If you work for one of the top firms of accountants in the world and you’re an audit partner it must be [a refreshing change/really annoying – delete as appropriate] when you yourself are audited.
Well in the UK this has just happened for some of the major accounting companies.
The Professional Oversight Board is one of the bodies that works towards improving the quality of audit work and audit firms. They have just published their 2011/12 inspection reports and there were some interesting findings.
Their public report on their inspection of PwC for example commented on a number of items including PwC’s “audit transformation programme”.
The POB said that
“During the year, the firm launched its Audit Transformation programme, the stated objective of which is to enable audit teams to focus on key judgment areas, standardise the firm’s approach and improve audit quality. However, the guides issued to date under the programme appear to focus on improving audit efficiency by reducing audit hours.”
The Report then went on to say that
“The programme also includes increasing the use of the firm’s off-shoring capability, now through two overseas centres, one in India and the other in Poland. Work performed in 2011 by these centres accounted for about 4% of the firm’s core audit hours and is expected to increase to 6% in 2012.”
The POB work was quite thorough as they also looked at PwC’s “staff performance evaluation” forms where interestingly they found that “approximately a quarter of the appraisal forms and objectives for the following year were signed off after the due date.”
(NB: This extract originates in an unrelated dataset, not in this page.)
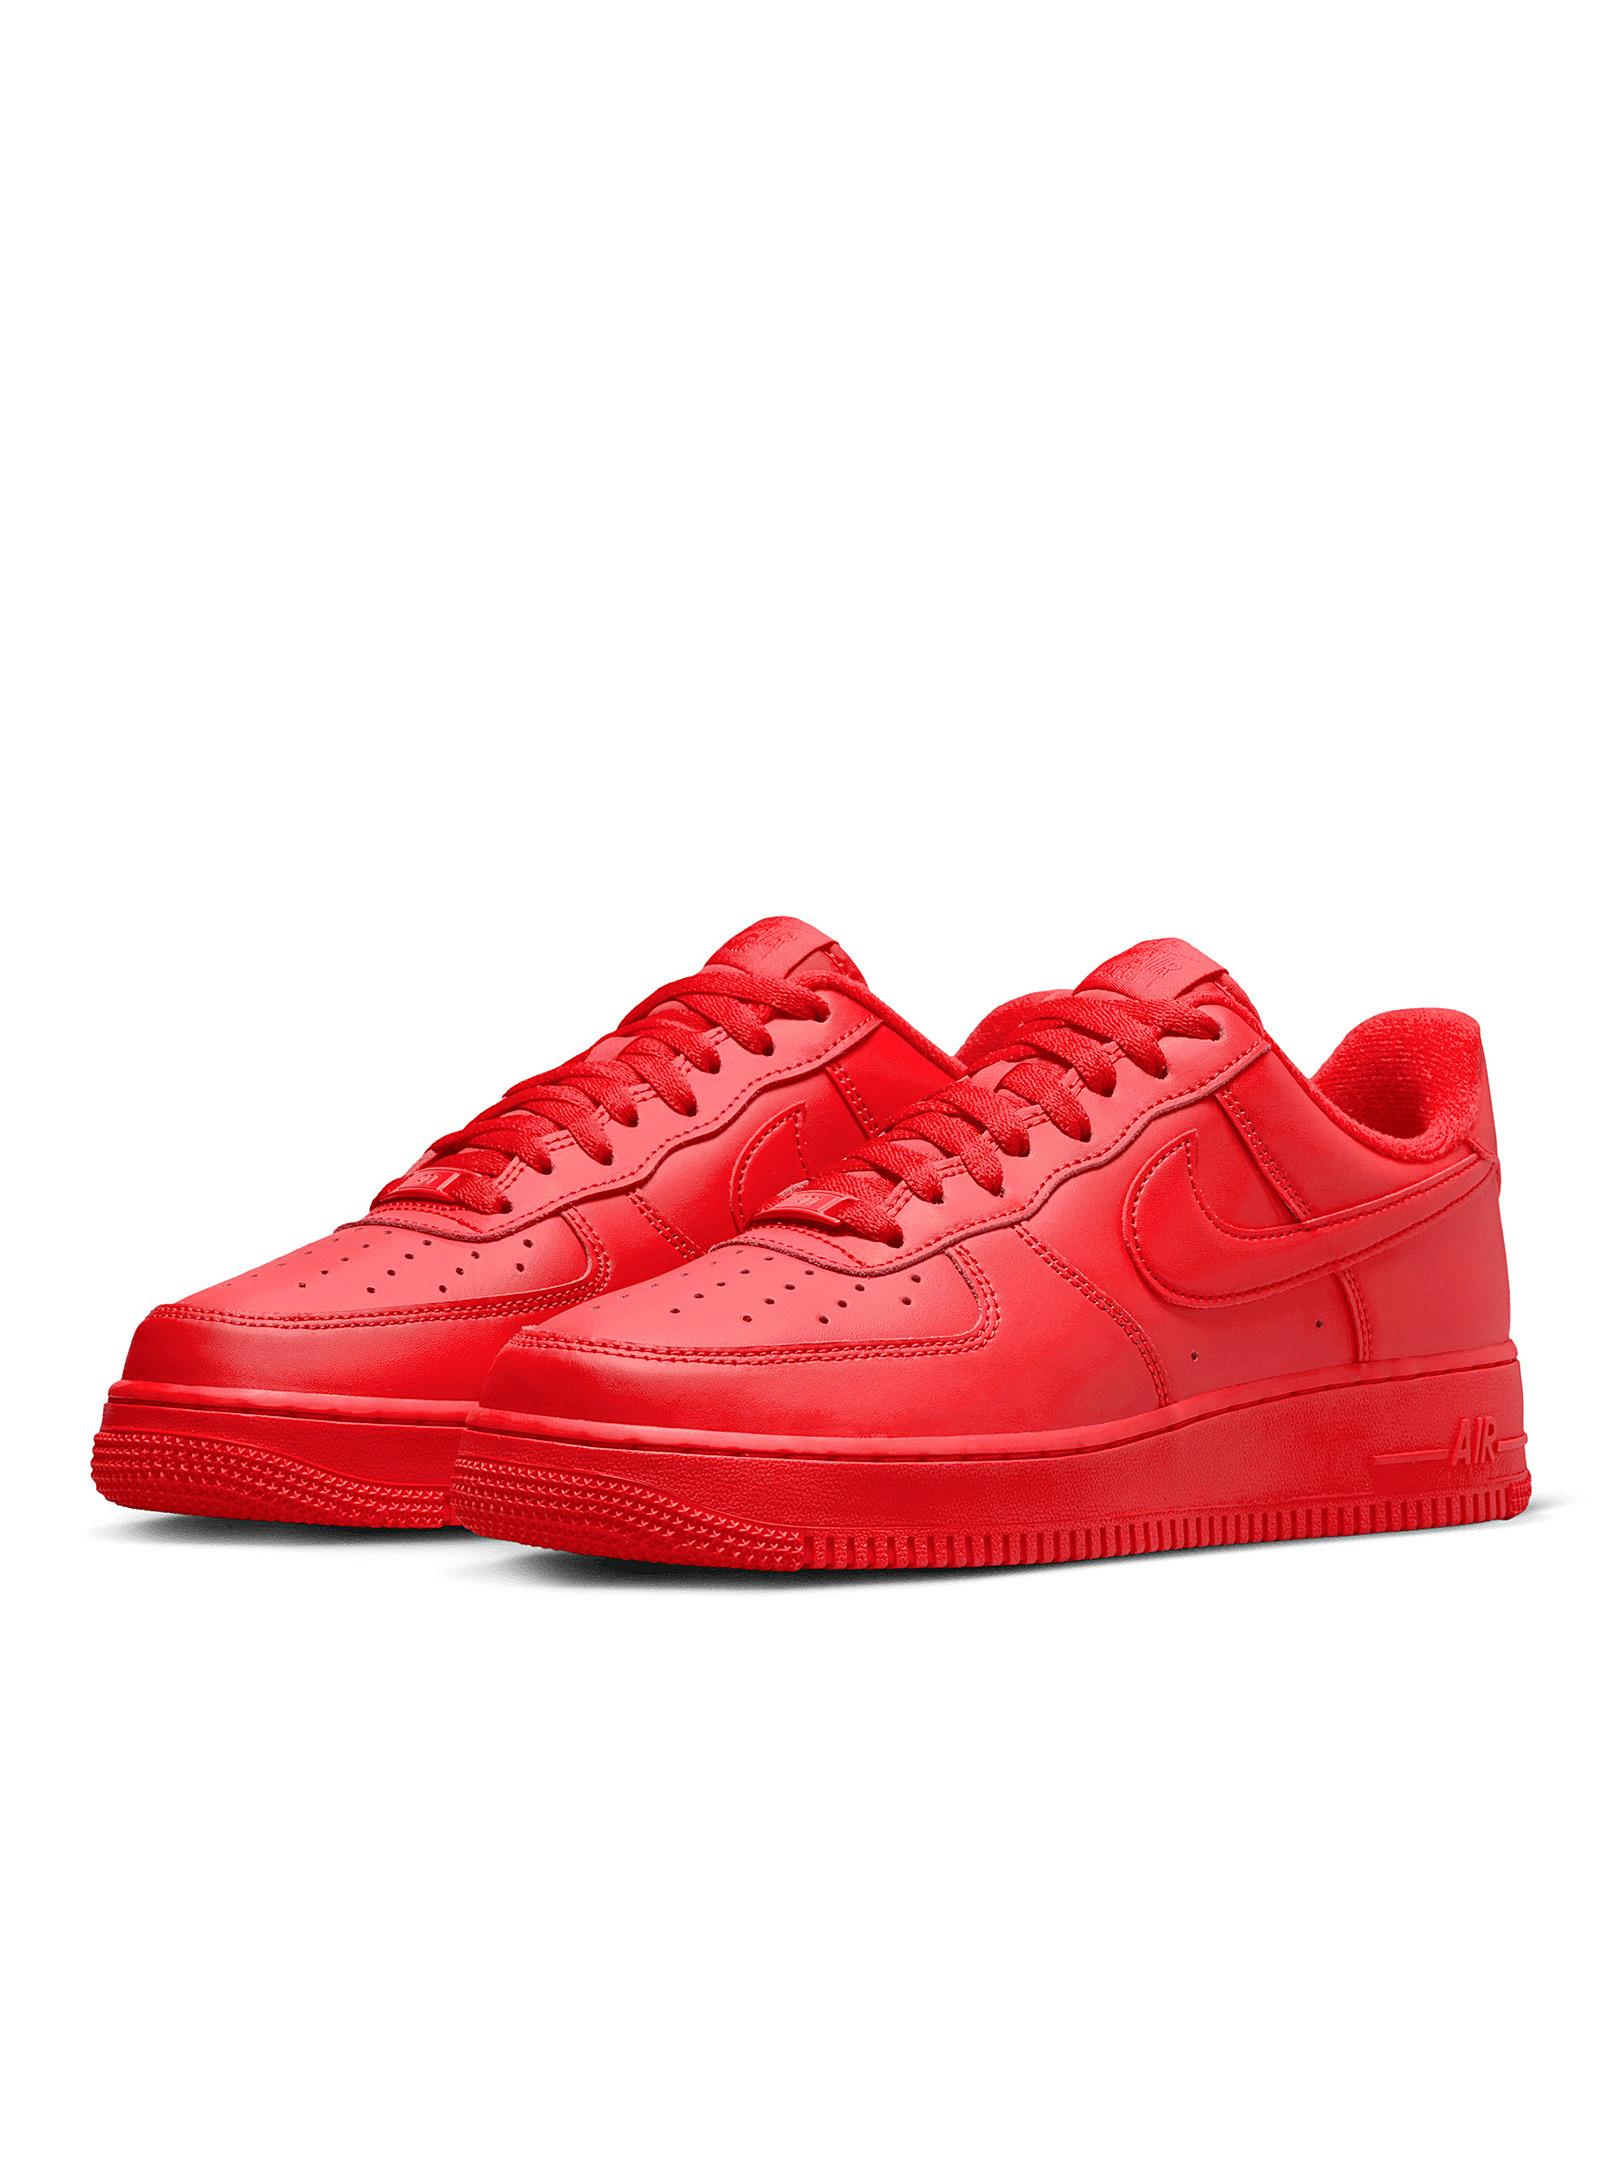 Nike Picante Red Air Force 1 '07 Sneakers Men for Men | Lyst
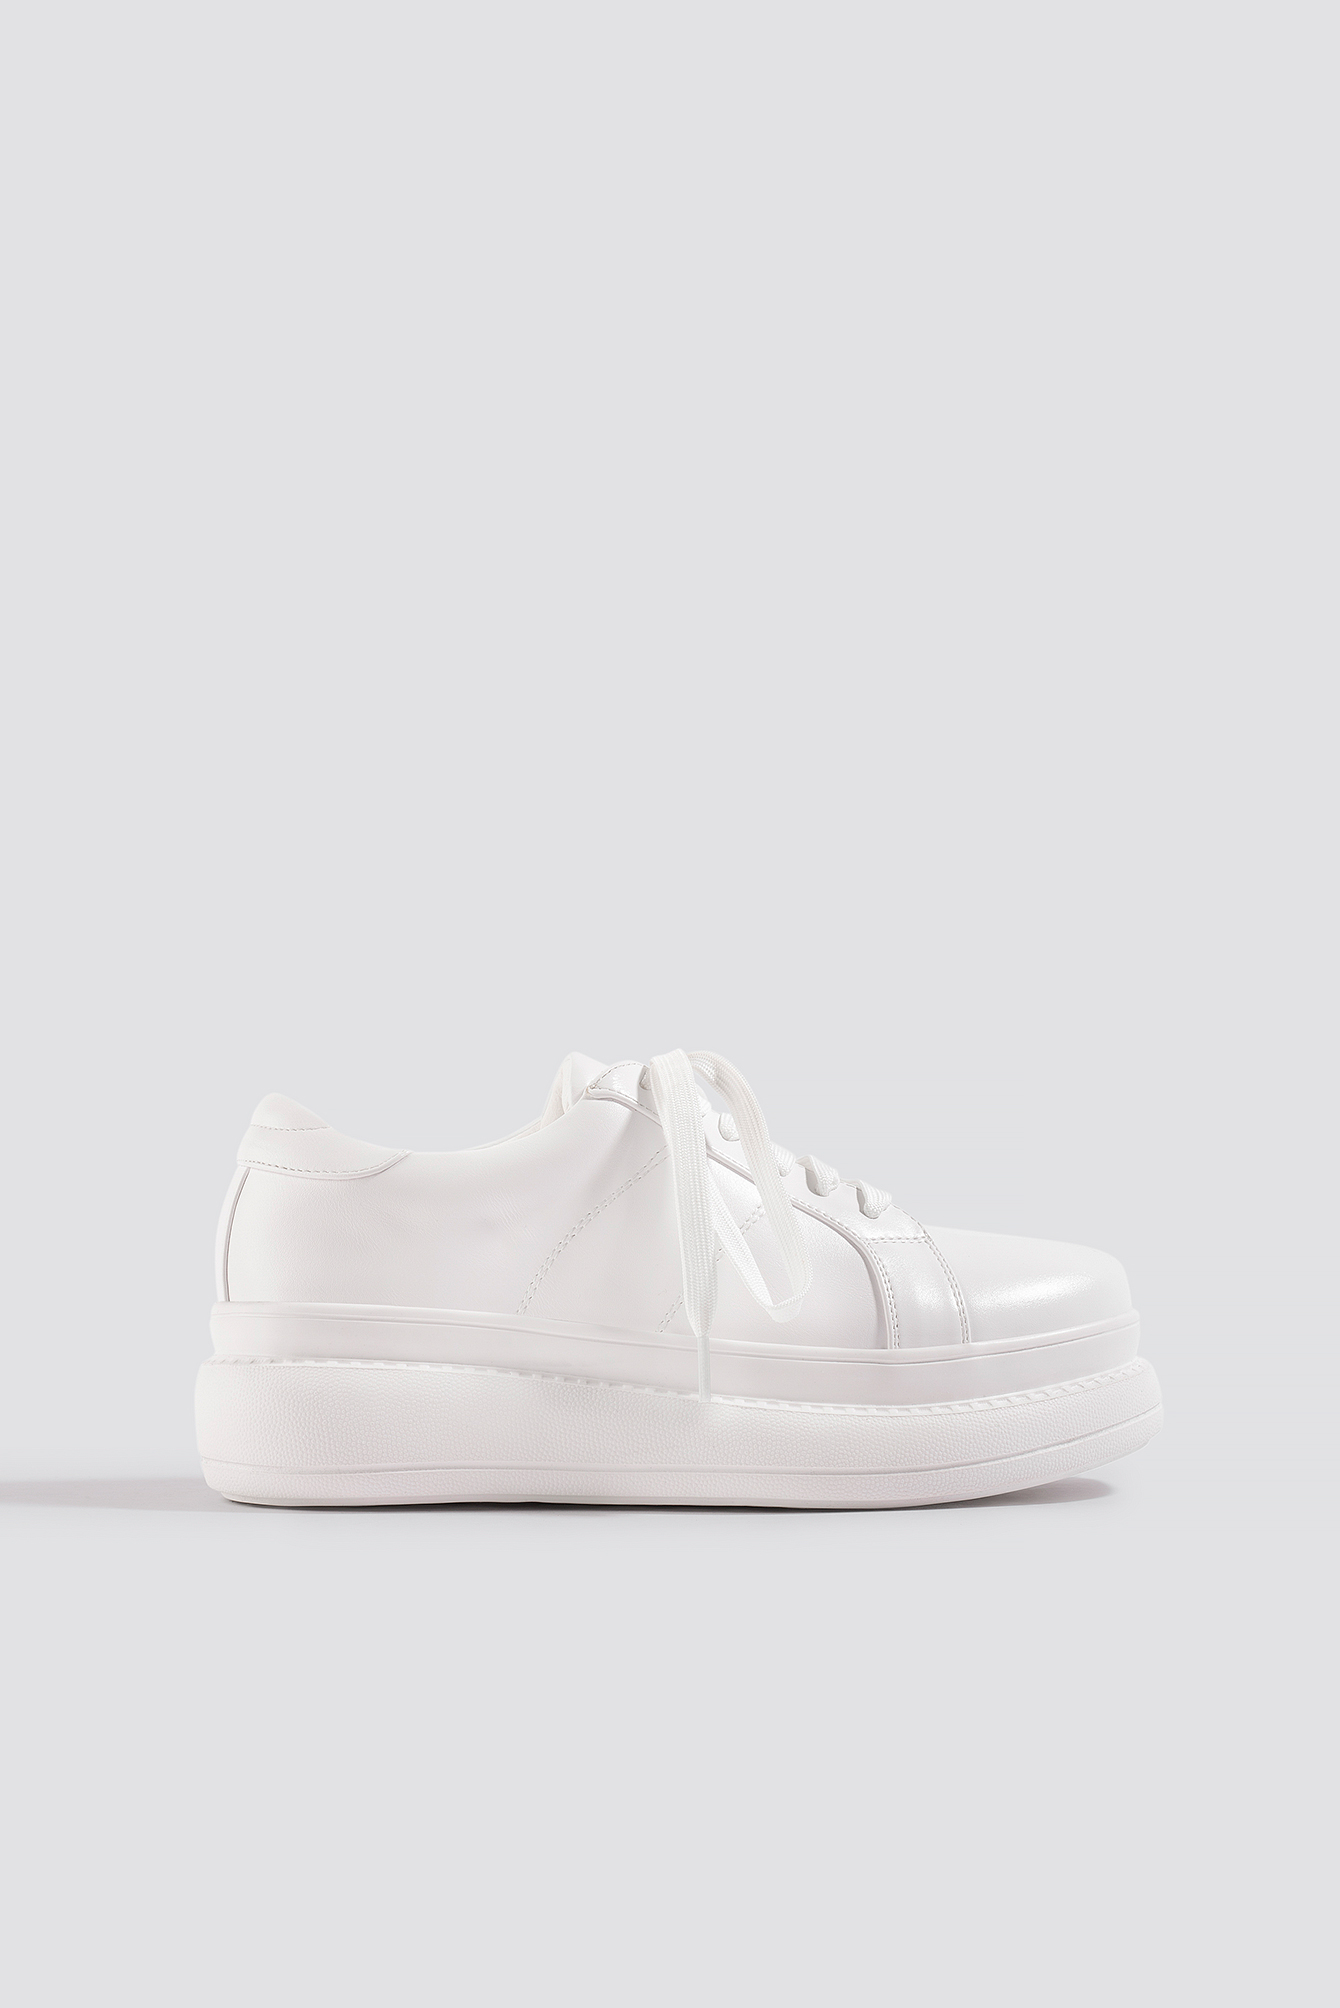 white high sole sneakers

The good news for PwC was that the vast majority of the 14 audits that were examined by the POB were either performed to a “good standard” or an “acceptable overall standard”.
Unfortunately for them though there was one audit which was singled out as requiring “significant improvement”.
In case any of you are interested in reading the reports on PwC and some of the other major accounting companies, they can all be found here.
Somehow though I don’t think the partner responsible for the “significant improvement required audit” will be showing all his friends a copy of the report.